Appendix A Network Structure and Experimental Setup

a.1 Network Structure

We train the DPCN network with the input of pairs of heterogeneous images and the ground truth of their relative pose. There are two phases here in the training. Phase 1

: Rotation and scale changes are trained and estimated in this phase. The pair of images go through a pair of U-Nets and their outputs go through the DFT layer for translation reduction. The Log Polar Transform remaps the DFT’s output to the log polar coordinate so that rotation and scale variances are then shown in columns and rows. Afterward, phase correlation is able to estimate the rotation and scale with a relative power spectrum as the output. Finally, we supervised the U-Net using Cross-Entropy Loss of both rotation, scale, and their ground truth.

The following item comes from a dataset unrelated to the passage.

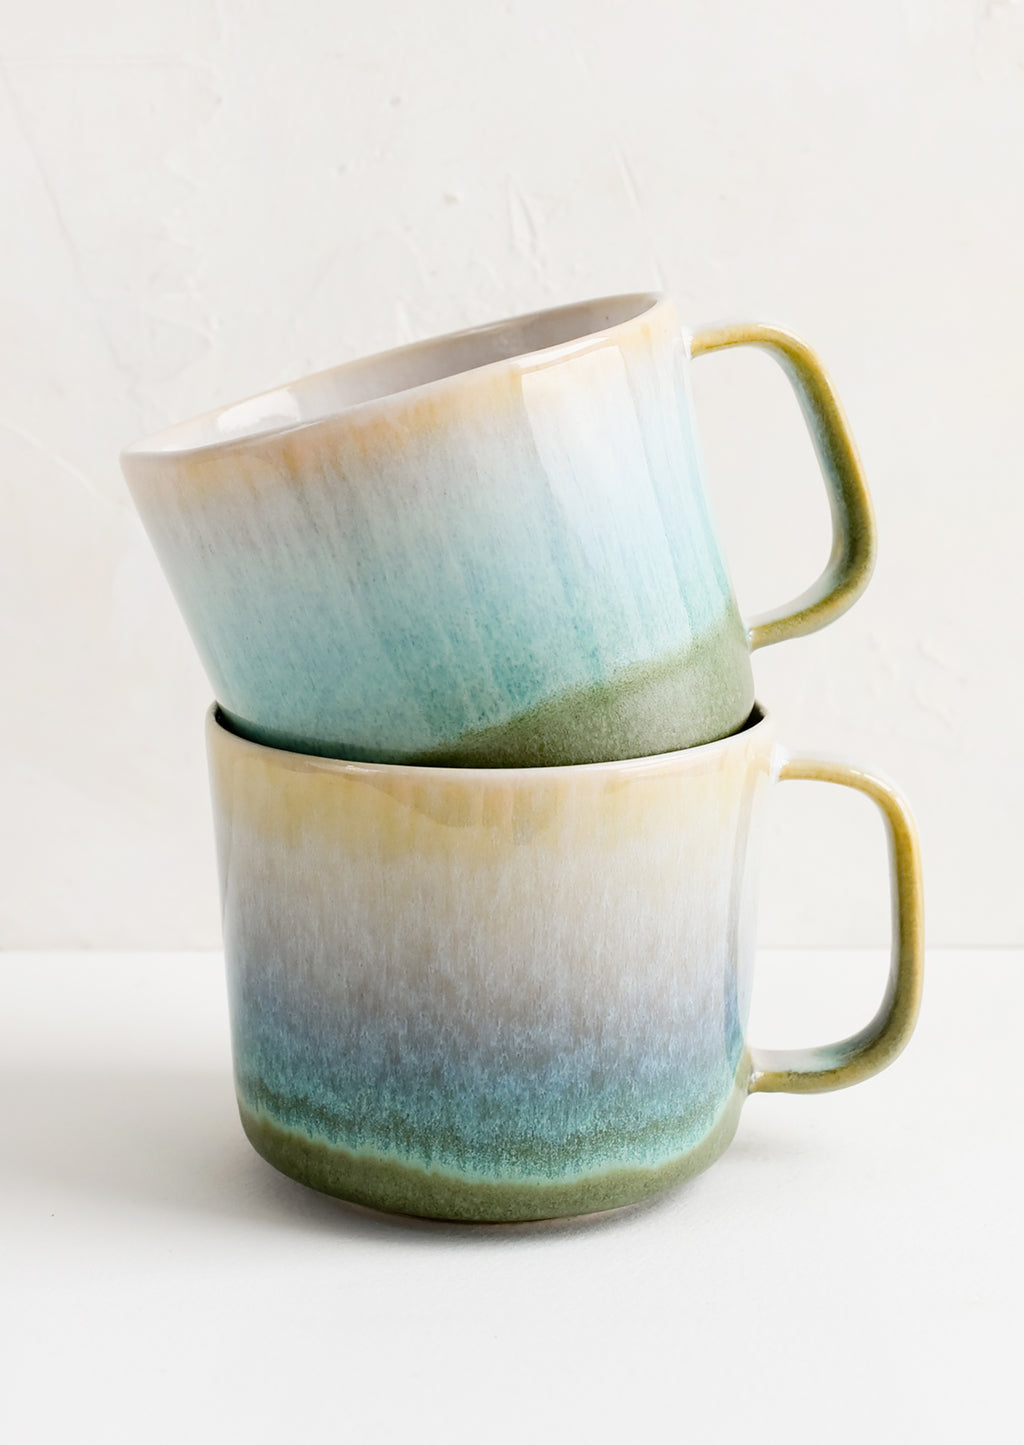 5: Two stacked ceramic mugs.

Phase 2: Translation of the image is trained and estimated in this phase. The source image of the image pair is rotated and scaled by the result in phase 1 and the new image pair(original template image and the new source image) go through a new pair of codec. The translation is then estimated by phase correlation and therefore the codec is supervised using Cross-Entropy Loss and L1 Loss of estimated transformation and their ground truth.

Figure 8: The network structure of DPCN

a.2 Experimental Setup

Hardware: All models for the full method and their comparison models were trained on a single server with CPU of Intel i9-9900X @ 3.5GHz x 20 and GPU of RTX 2080ti x 4. The validation experiments are all conducted on a single desktop computer(AMD Ryzen 3700X @ 3.7GHz x8) with the GPU of an RTX 2060super. The Aero-Ground Dataset is record by a ground robot and a DJI M100 drone. The ground robot is equipped with three 32-wire Velodyne LiDAR, four pairs of stereo cameras by Flir and one RTK dGPS provided by QX. The DJI drone records videos by one pair of Intel Realsense D435i stereo camera with one facing forward and one downward.

Software: The birds-eye global map from the drone used in the training and validation is constructed by full-licensed software Metashape with video clips from the Aero-Ground dataset. The local map of both LiDAR intensity style and stereo style from the ground robot is constructed by Elevation Map[13]. All of the maps constructed above and the satellite map obtained from Google Maps have the resolution of 0.1 MPP.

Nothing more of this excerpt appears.